Оценим остроумие государя (Петр Аристархович был тощ, как влюбленная вобла), а также неизбежную дань монарха азиопскому вкусу: ежели, к примеру, у башкирских князьков тот считался наибогаче протчих, у коего — от сала бараньего — волоса жирнее блестели (длани после трапезы обильной специально с этой целью о власы отирались), то на запад ориентированный реформатор считал, что богатый дворянин должен быть толстым (облым), дабы тук его у простолюдинов почтение беспрестанно вызывал… Ох! — как это можно было запамятовать? — и вот еще что, совсем не маловажное: вместе с новым званием Петр Аристархович, разумеется, и материальный эквивалент рачению своему заполучил: гельд белонунг, прайс — денежную премию.
Случалось часто — на протяжении этих мылких от крови, костоломных неделек, — что реформатор, людишкам своим не доверяя, собственноручно воспитанием сына в темницах потайных занимался. Царь на мучения плоти затейлив был, однако ж мы его патенты, в смысле копирайты, или, по-народному, «ноу хау», опустим. Почему? Нет, не по нервической слабости. А потому, что они, «патенты» эти — и они тоже! — есть цена колдовской петрославлевой красы: мозг-то наш, по ужачьей своей увертливости, Красу-на-Крови приемлет безоблачно, но память, память!

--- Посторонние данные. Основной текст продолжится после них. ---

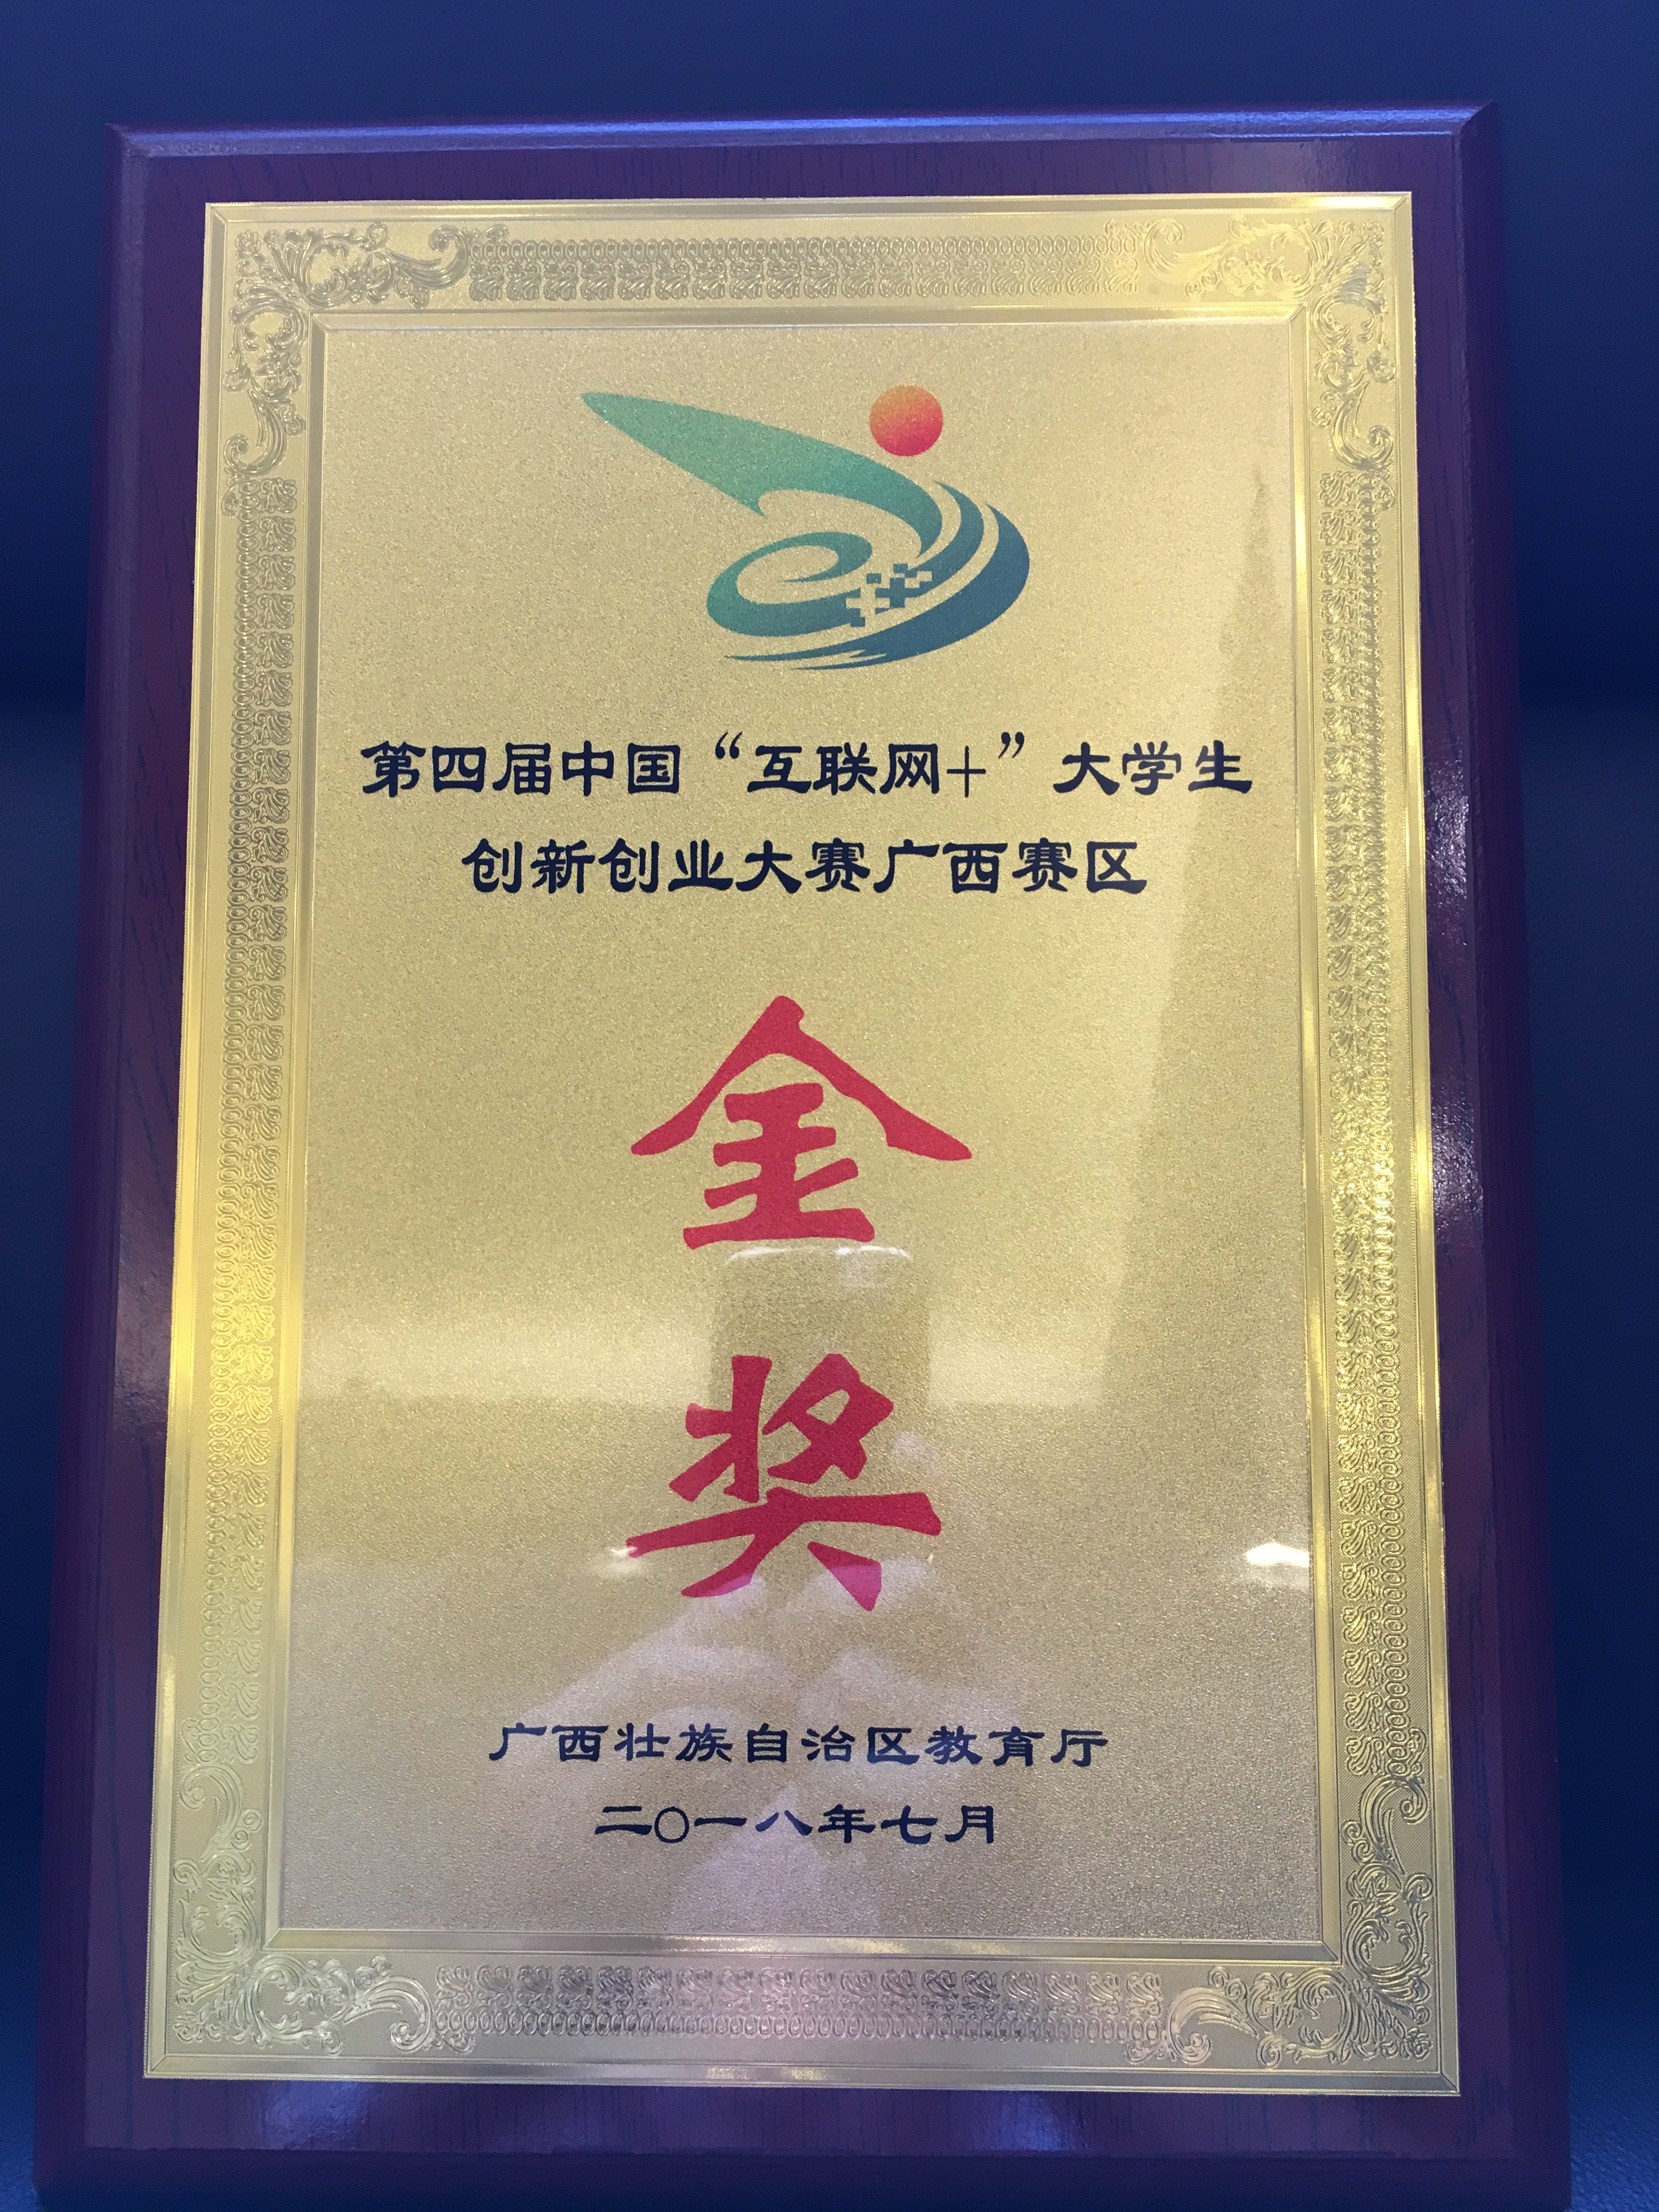 第四届中国“互联网+”大学生创新创业大赛广西赛区金奖

Итак, сузим царевы затеи садистские до более-менее консервативных: совлекши с сына остатки одежд, зачинал он порку невыносливых евоных рамен с помощью кошек. (Это не те кошки, автор обязан заметить, с которыми последующие Жирняго за паркеты сановные цеплялись, — а старомодные, другого роду-племени: плети с несколькими хвостами — примененные в силу того, что кнут-длинник уж давно размахрился. Однако ж перекличка, кошка с кошкою, явлена, прямо скажем, в сиринском духе.) Что тут скажешь? Благодаря литературному таланту Петра Аристарховича влип царевич конкретно: умирать смертию томною, под батожьем, под вышеупомянутыми кошками, в кандалах, в темнице, нагу, босу, алчущу, жаждущу, беззащитну, при всегдашнем поругании.